> [Directions for this task]: Whenever a picture appears, leave it out while repeating all the other data exactly.

> [Exercise data]:
○ ○ ○ ○ ○ ○ ○

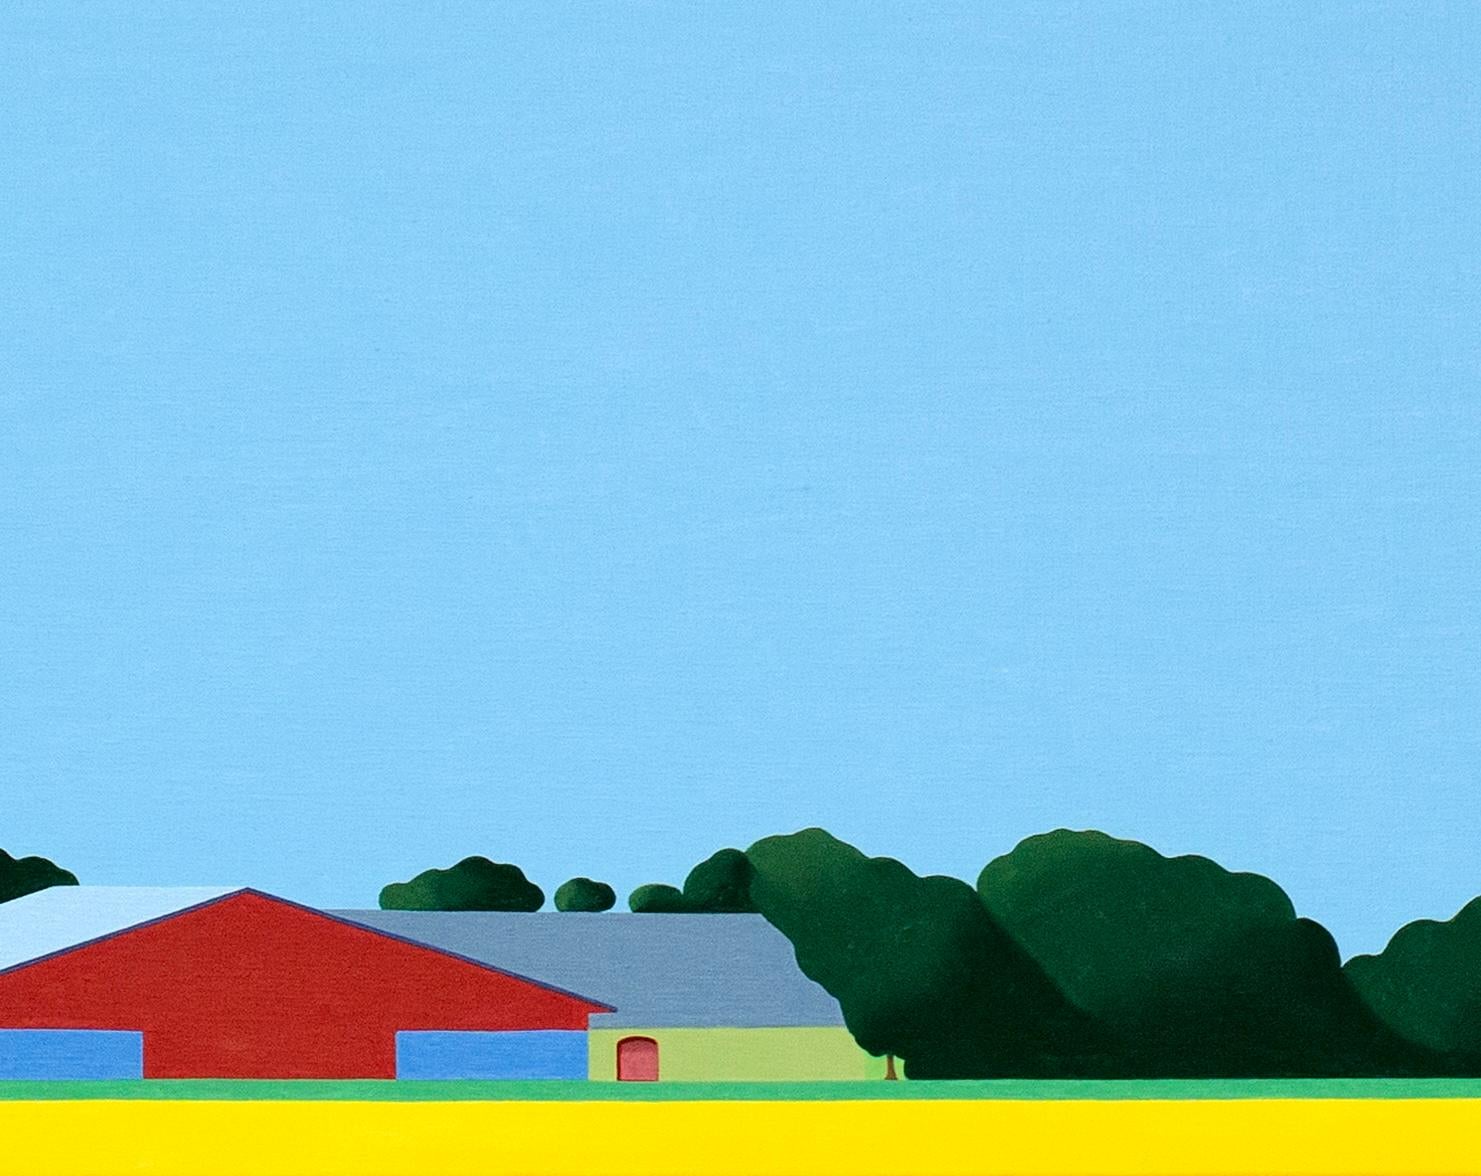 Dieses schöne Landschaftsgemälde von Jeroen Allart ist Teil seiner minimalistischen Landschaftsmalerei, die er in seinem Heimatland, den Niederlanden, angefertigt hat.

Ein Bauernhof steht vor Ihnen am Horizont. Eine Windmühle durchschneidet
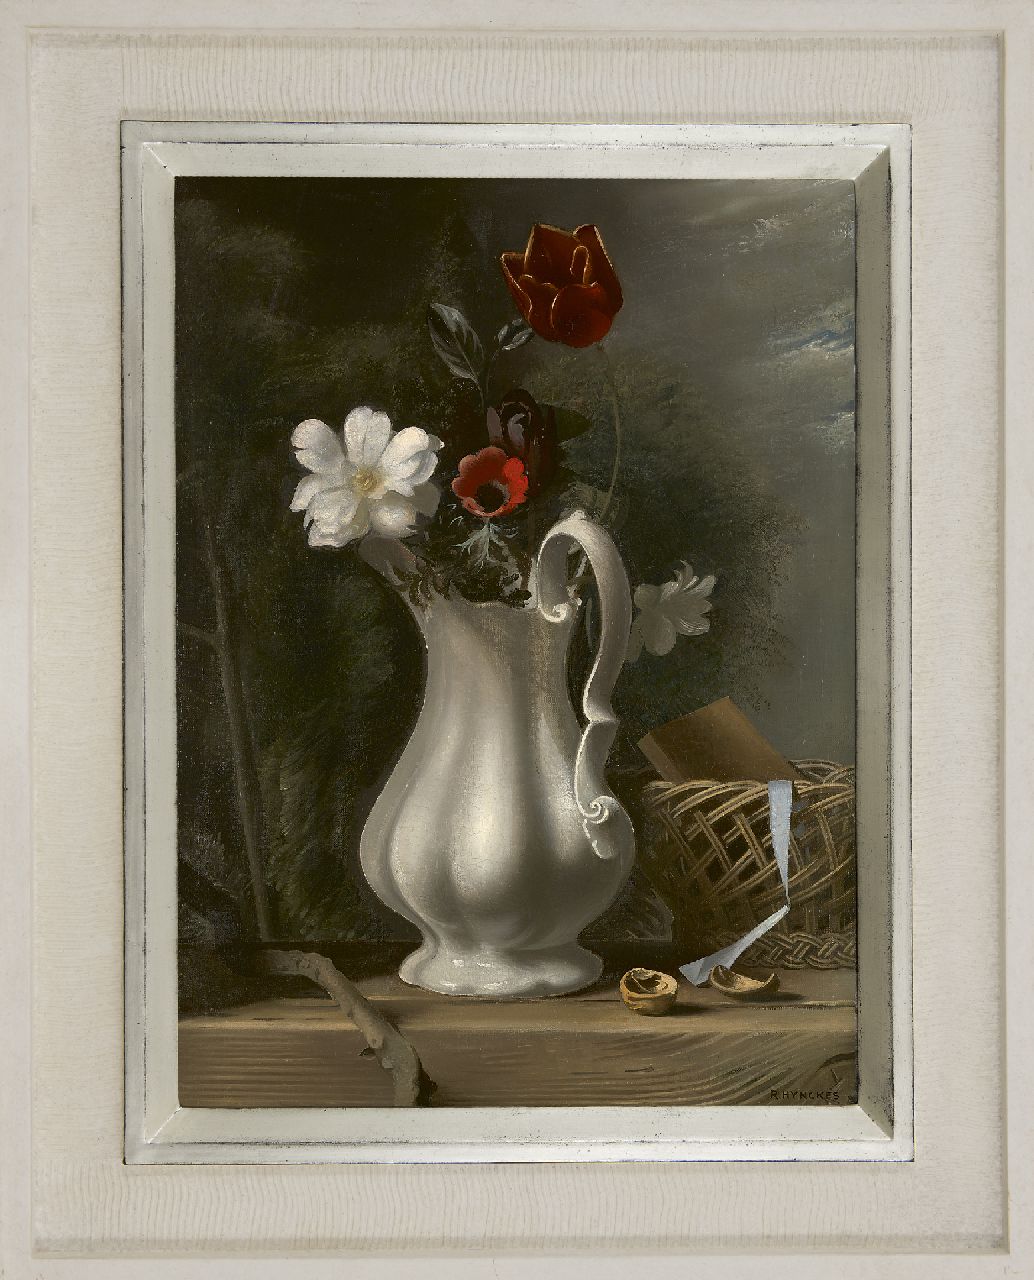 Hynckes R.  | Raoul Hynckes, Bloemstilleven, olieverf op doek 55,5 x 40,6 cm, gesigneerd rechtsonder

○ ○ ○ ○ ○ ○ ○

> [Response to this task]:
 Dieses schöne Landschaftsgemälde von Jeroen Allart ist Teil seiner minimalistischen Landschaftsmalerei, die er in seinem Heimatland, den Niederlanden, angefertigt hat.

Ein Bauernhof steht vor Ihnen am Horizont. Eine Windmühle durchschneidet
 Hynckes R.  | Raoul Hynckes, Bloemstilleven, olieverf op doek 55,5 x 40,6 cm, gesigneerd rechtsonder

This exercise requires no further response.